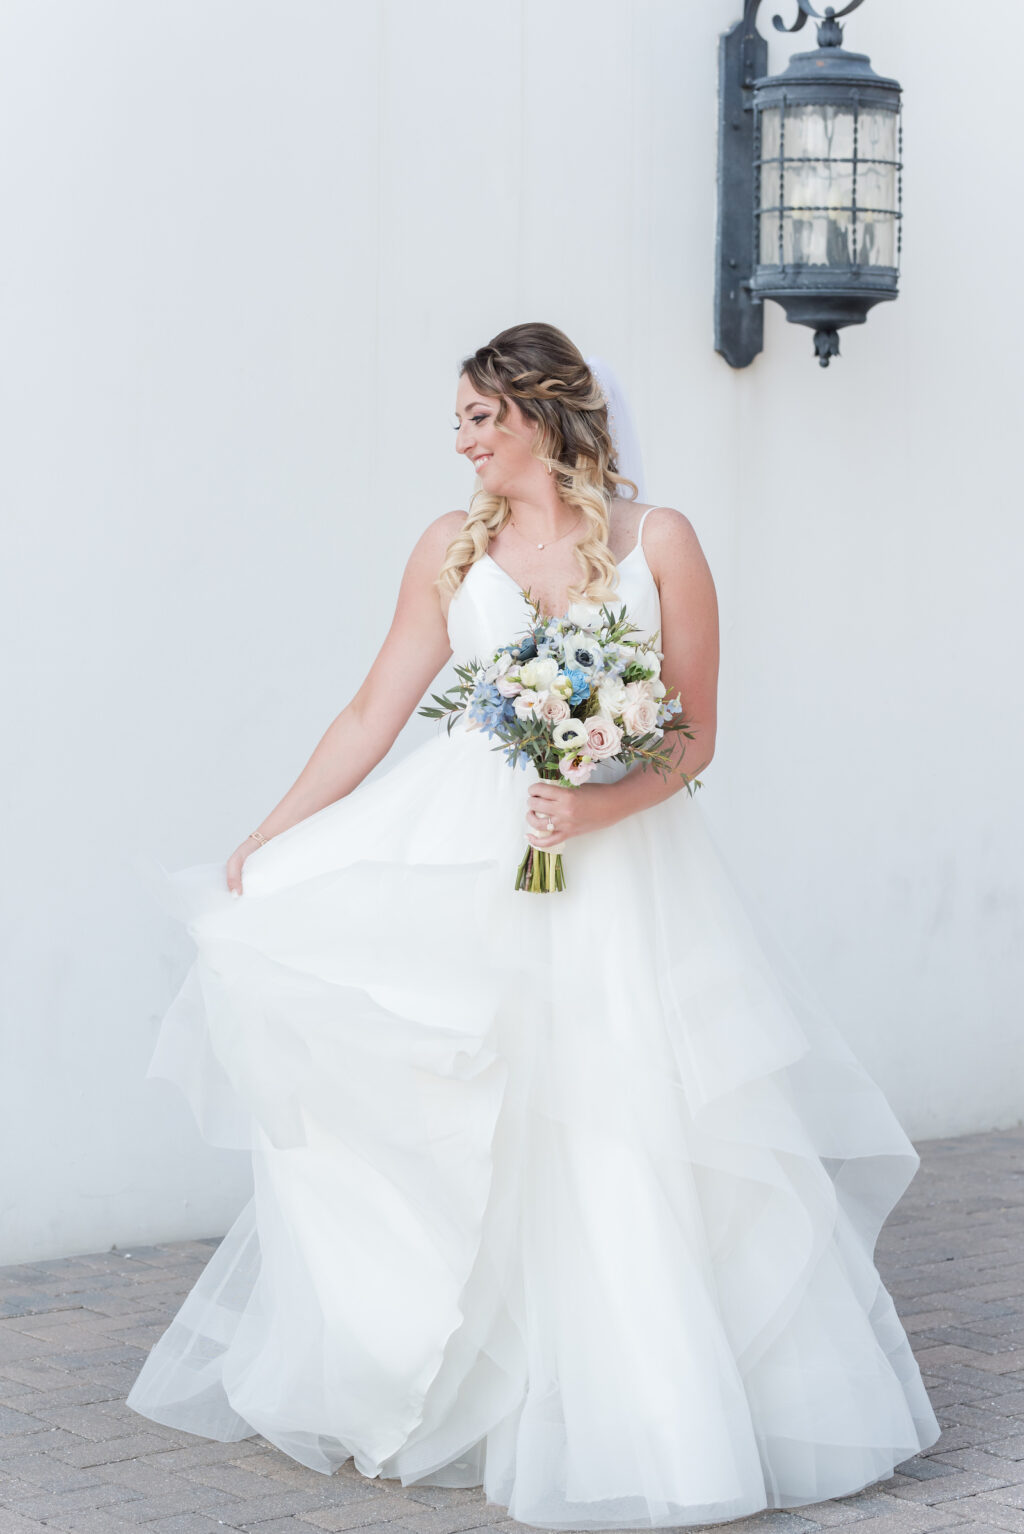 Bride in Tulle Ballgown with Bridal Bouquet with Blue and Cream Florals | Ashley Renee Bridal | Adore Bridal Hair & Makeup
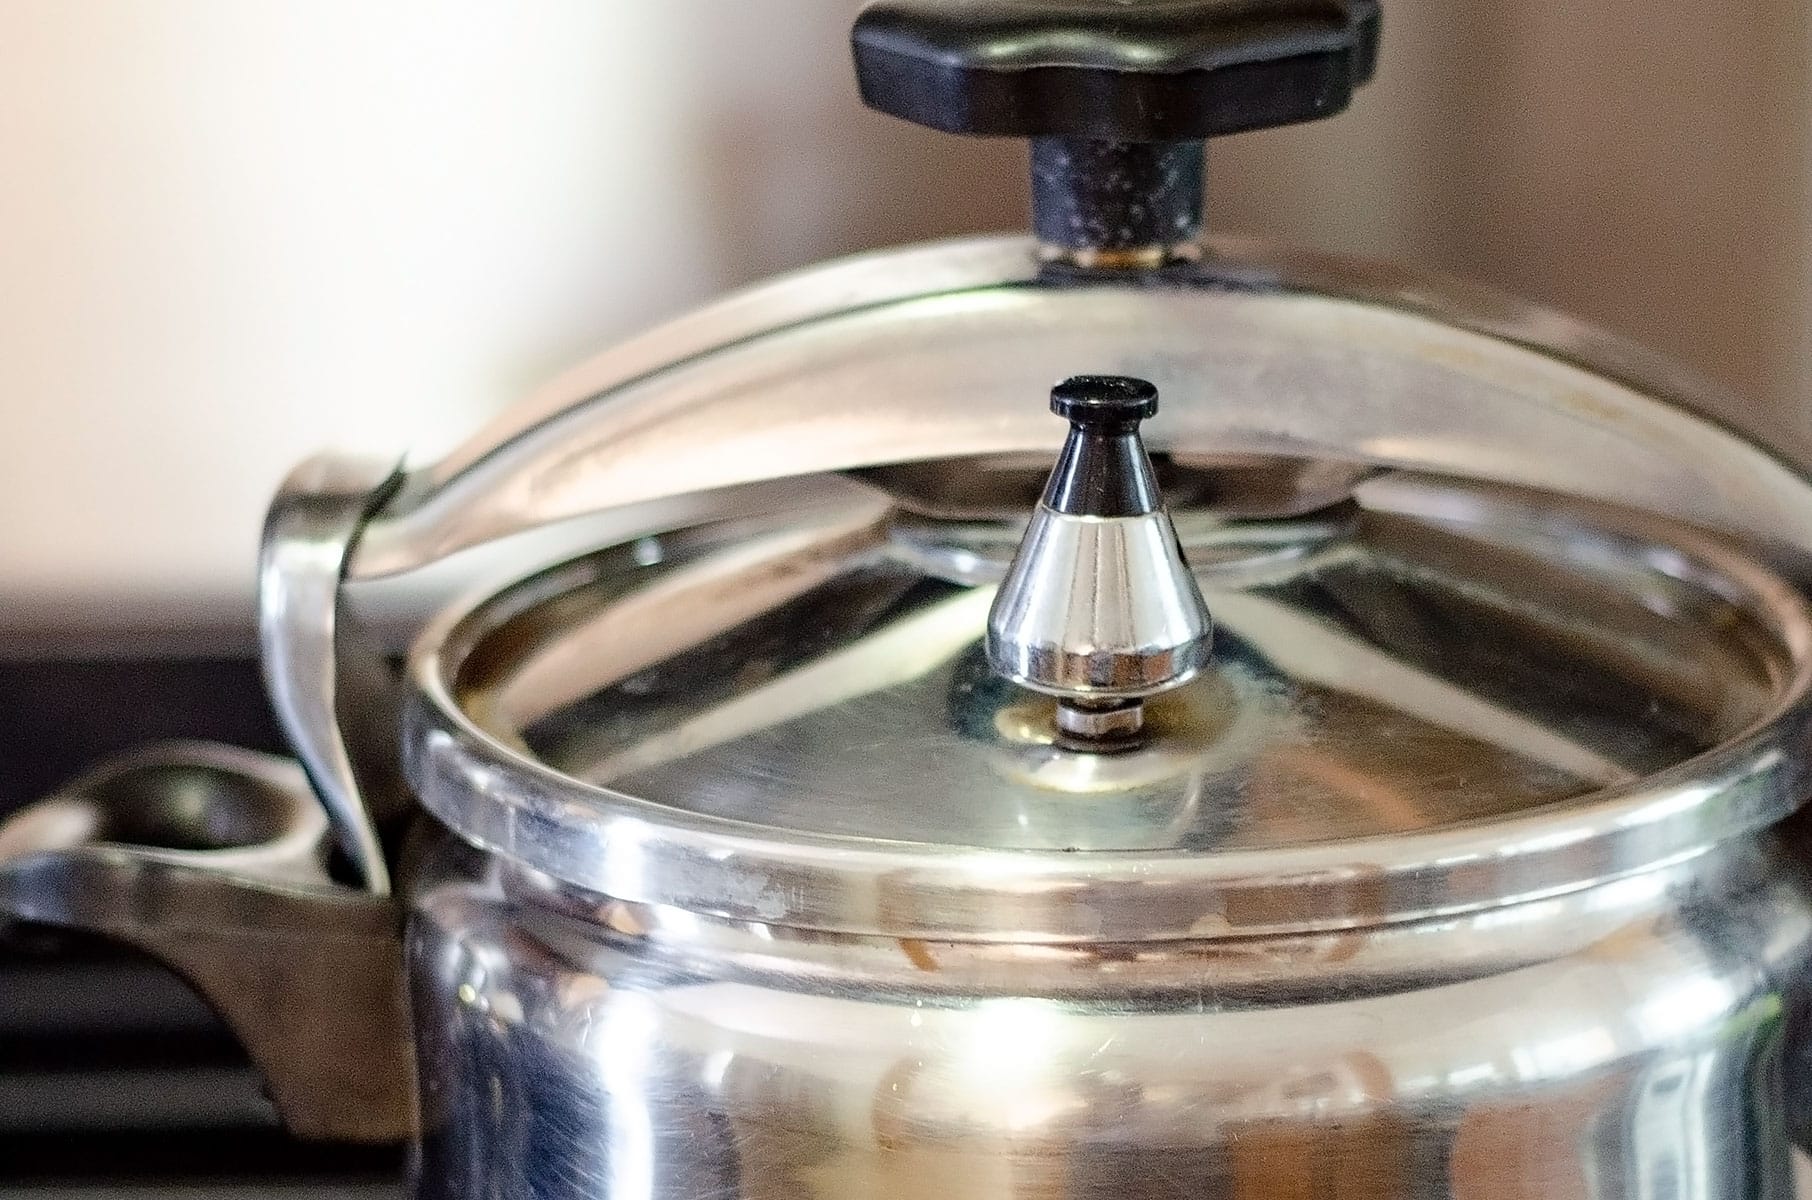 Boiling in pressure cooker
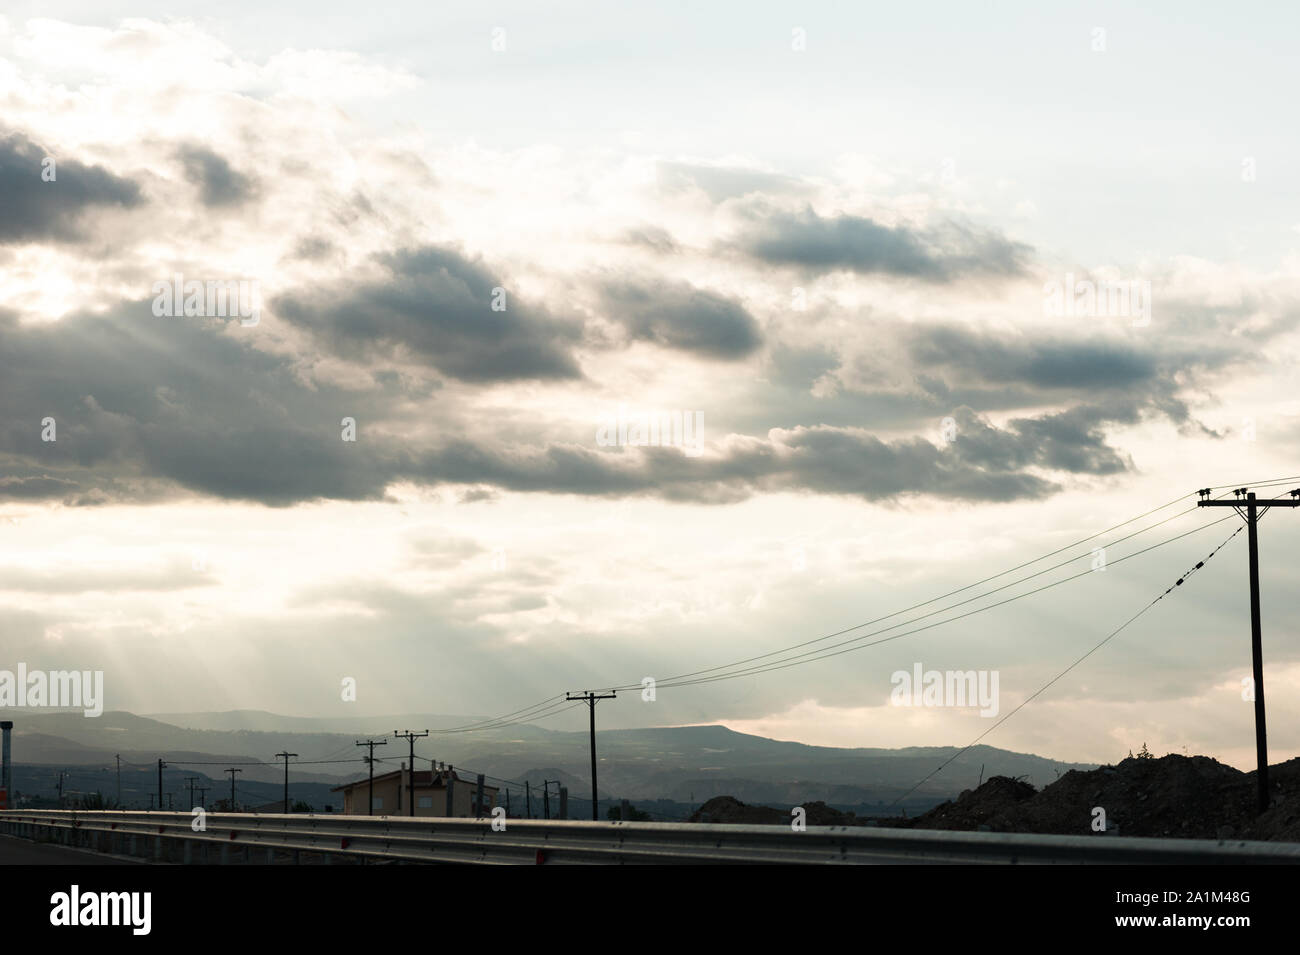 landscape frame, cloudy landscape, blue yellow green and orange sky with mountains Stock Photo
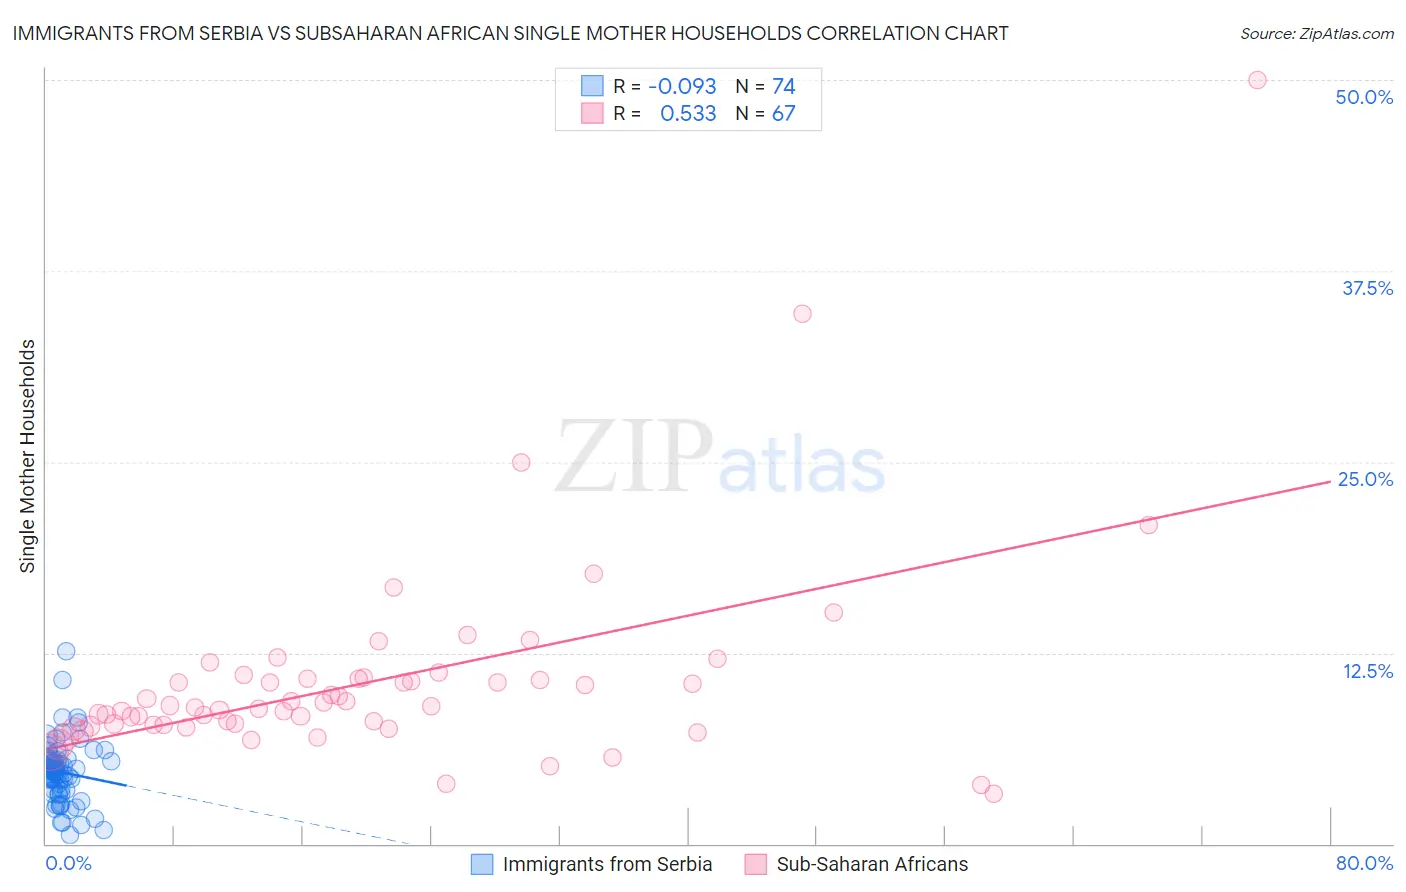 Immigrants from Serbia vs Subsaharan African Single Mother Households
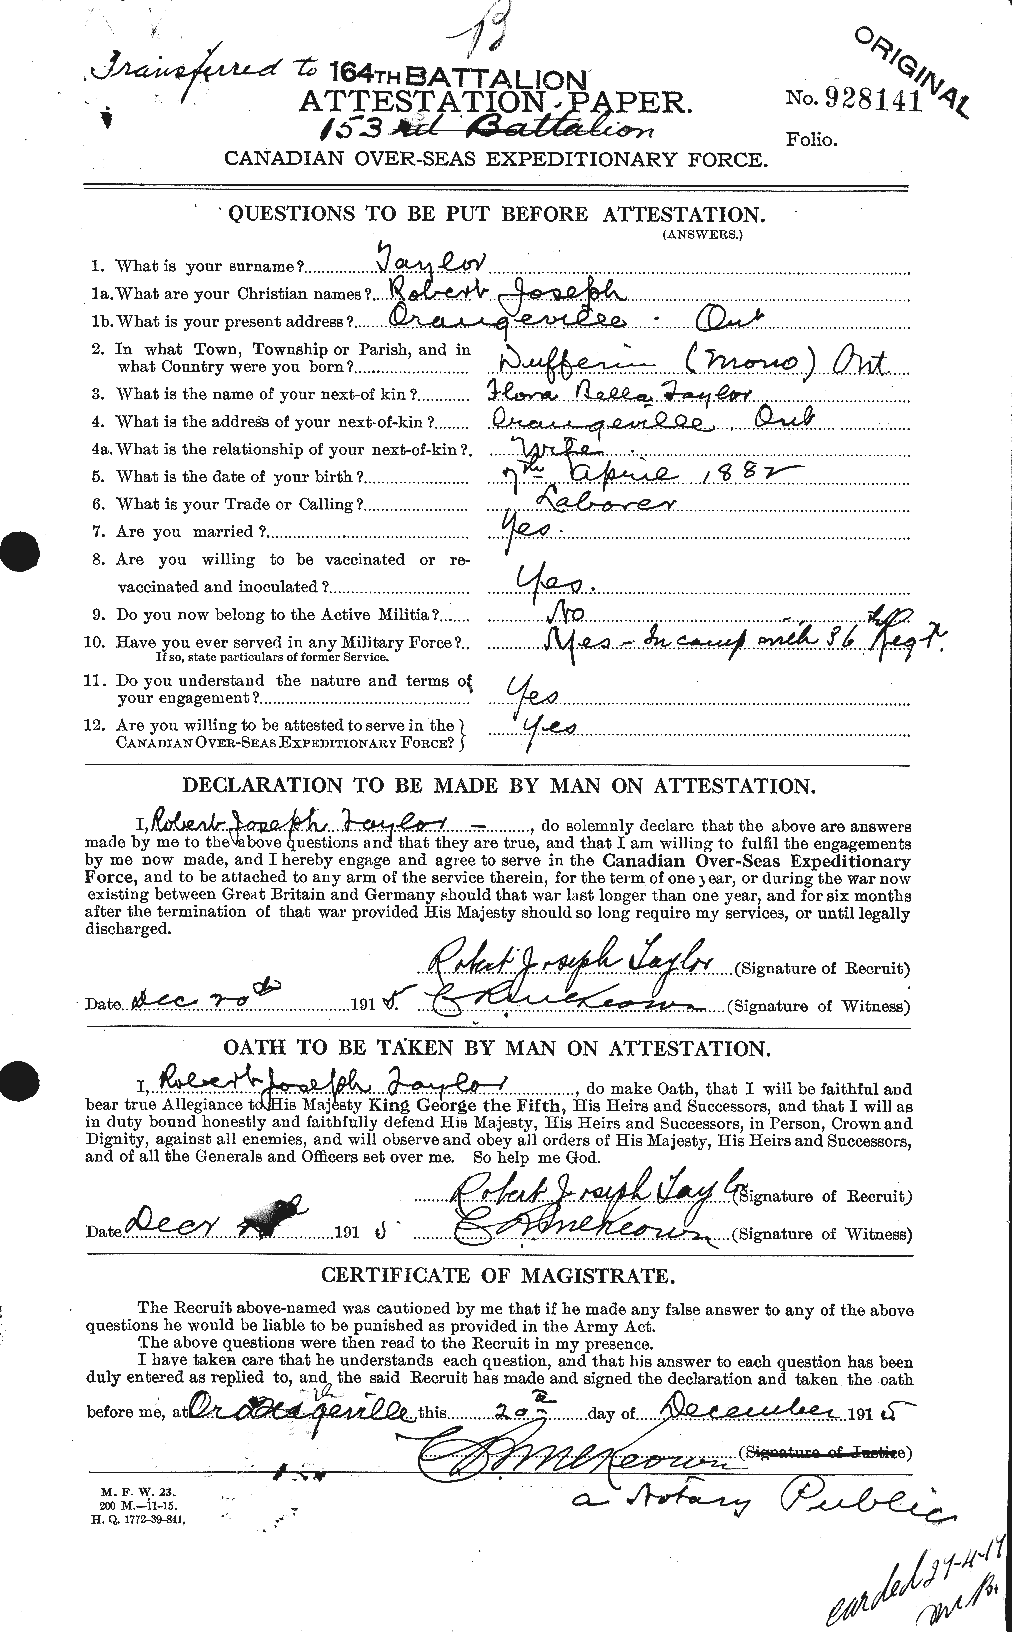 Personnel Records of the First World War - CEF 627490a

* [Goal of the exercise]:
Exactly those lines that run from the line holding "Boiling in pressure cooker" to the end of the listing above, both included, are to be reproduced, with pictures left out.

* [Exercise result]:
 Boiling in pressure cooker
 landscape frame, cloudy landscape, blue yellow green and orange sky with mountains Stock Photo
 Immigrants from Serbia vs Subsaharan African Single Mother Households
 Personnel Records of the First World War - CEF 627490a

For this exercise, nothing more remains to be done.